Now that the fueling season is in full swing, the start was unusually slow: It was the second slowest start since 2012 and well below the decade-long seasonal average, according to data compiled by Reuters analyst John Kemp. The excess of gas supplies, compared to the 10-year average, decreased at the beginning of June compared to the end of the heating season on March 31.

Nonetheless, storage levels continue to be well above seasonal averages, and it is likely that Europe will reach its full fill target well before the November 1st deadline. However, slower-than-usual gas accumulation has put upward pressure on European prices, which has also reflected supply risks from Norway and Russia in recent weeks. Plus, Asia is increasing competition for LNG supplies as heatwaves hit the south and southeast of the continent, diverting cargoes away from Europe.

RISKS ON SUPPLY ARE INCREASING GAS PRICES IN EUROPE

Benchmark natural gas prices in Europe have already increased on two occasions in June as the market feared supply shocks. First, Dutch TTF natural gas futures in early June rose 10% in a single day, reaching their highest level in 6 months, while supply from Norway plummeted due to unplanned outages.

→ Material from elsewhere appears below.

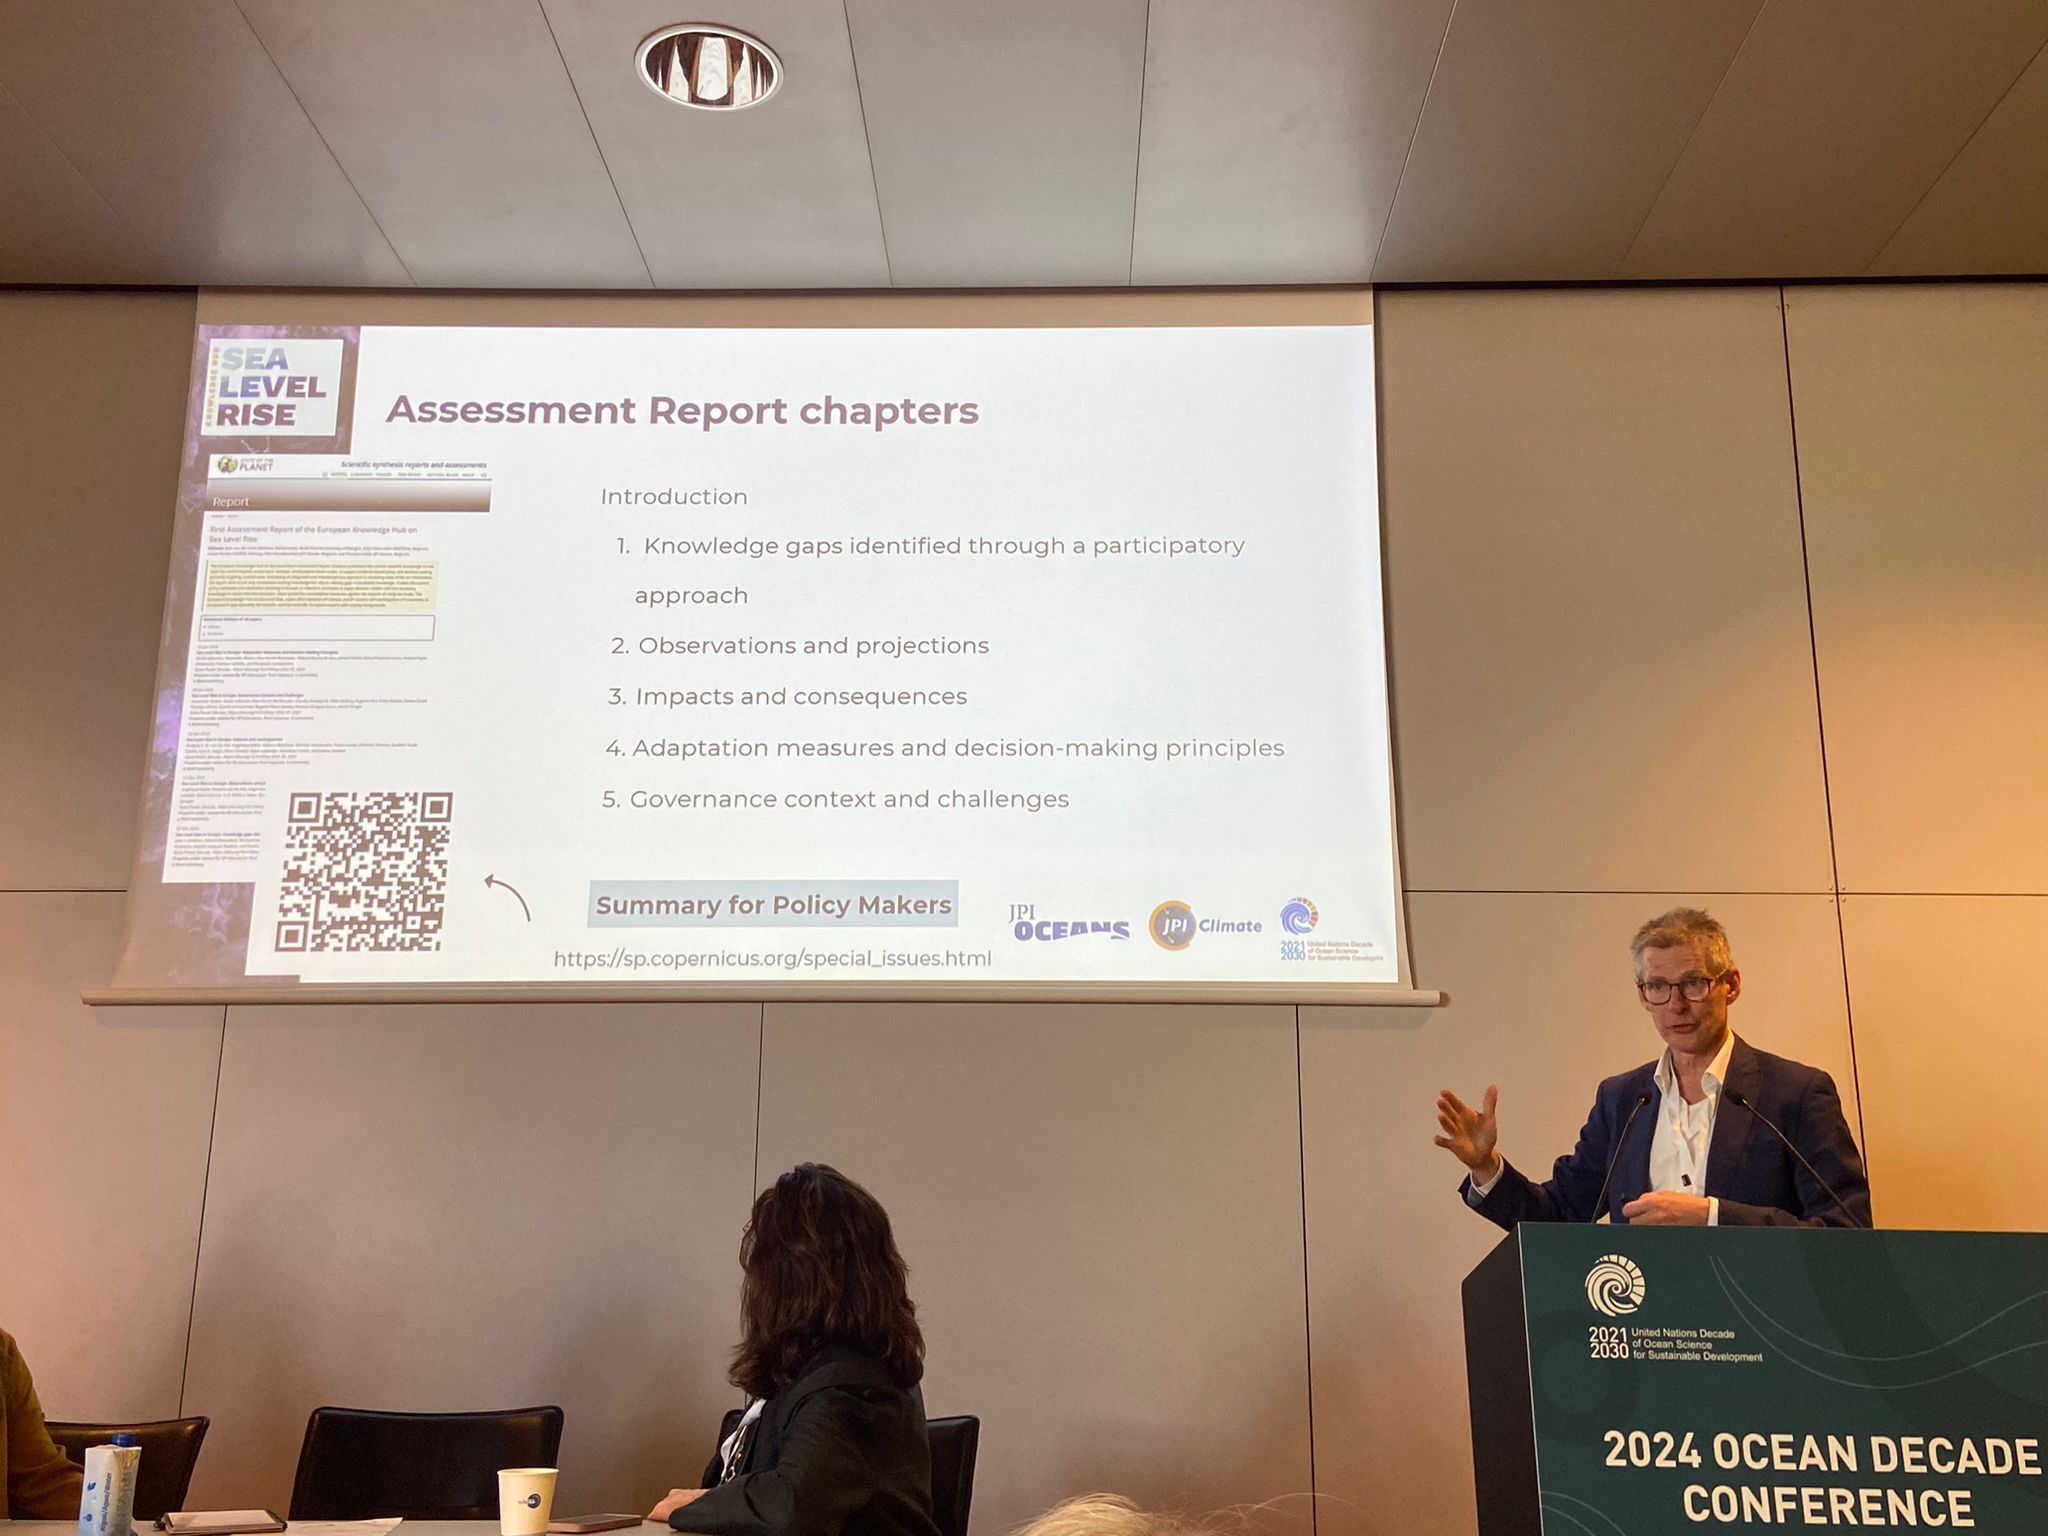 Bart van den Hurk, co-chair of the European Knowledge Hub Sea Level Rise and co-chair of WG2 of the IPCC presenting the Sea Level Rise Assessment Report chapters.

The Sleipner hub, off Norway, was closed, also halting operations at the onshore processing plant in Nyhamna for several days. The Sleipner Riser offshore hub is a connection point for pipelines connecting the Nyhamna facility on the west coast of Norway to the Easington terminal in the United Kingdom. The unplanned outage highlighted the vulnerability of Europe, which has relied on natural gas imports since Norway became Europe’s top gas supplier following Russia’s invasion of Ukraine and the collapse of Russian exports.

UNCERTAINTY ABOUT RUSSIAN SUPPLIES

This week, uncertainty over the remaining supply of Russian gas via pipelines to Europe has pushed up prices at the Dutch hub. Prices rose 3% on Wednesday morning after Germany’s Uniper terminated contracts to supply Russian gas, leaving the market concerned about remaining flows from Russia to Europe. Uniper’s announcement and OMV’s recent warning – that Gazprom could stop supplying gas to Austria due to a foreign court ruling that could stop OMV’s payments to Gazprom Export – have reignited concerns about the possibility that Gazprom could further reduce Russian supplies.

GAS PRICES IN ASIA AND EUROPEAN STORAGE

According to Wood Mackenzie, as prices in Europe have risen 40% in three months and spot LNG prices in Asia are hovering around 6-month highs, higher Asian prices in the near term could create headwinds to LNG growth. LNG demand in Asia. “Lower European demand has depressed prices and pushed LNG into Asia, with imports to China alone rising by 22%,” said Lucy Cullen, research director EMEA Gas & LNG Research at Wood Mackenzie.

“Looking ahead, high prices are likely to provide some headwinds to Asian demand growth in the near term. As a result, European storage levels are on track to reach full capacity by the end of September and remain there until October,” Cullen added.

However, Europe still faces supply risks, the biggest of which is on Russian gas, “whether through an early disruption of flows through Ukraine or as a consequence of pending arbitration proceedings between European energy companies and Gazprom”. Furthermore, unplanned or extended Norwegian maintenance is set to play a more significant role on European gas prices and the pace of storage filling, Cullen said.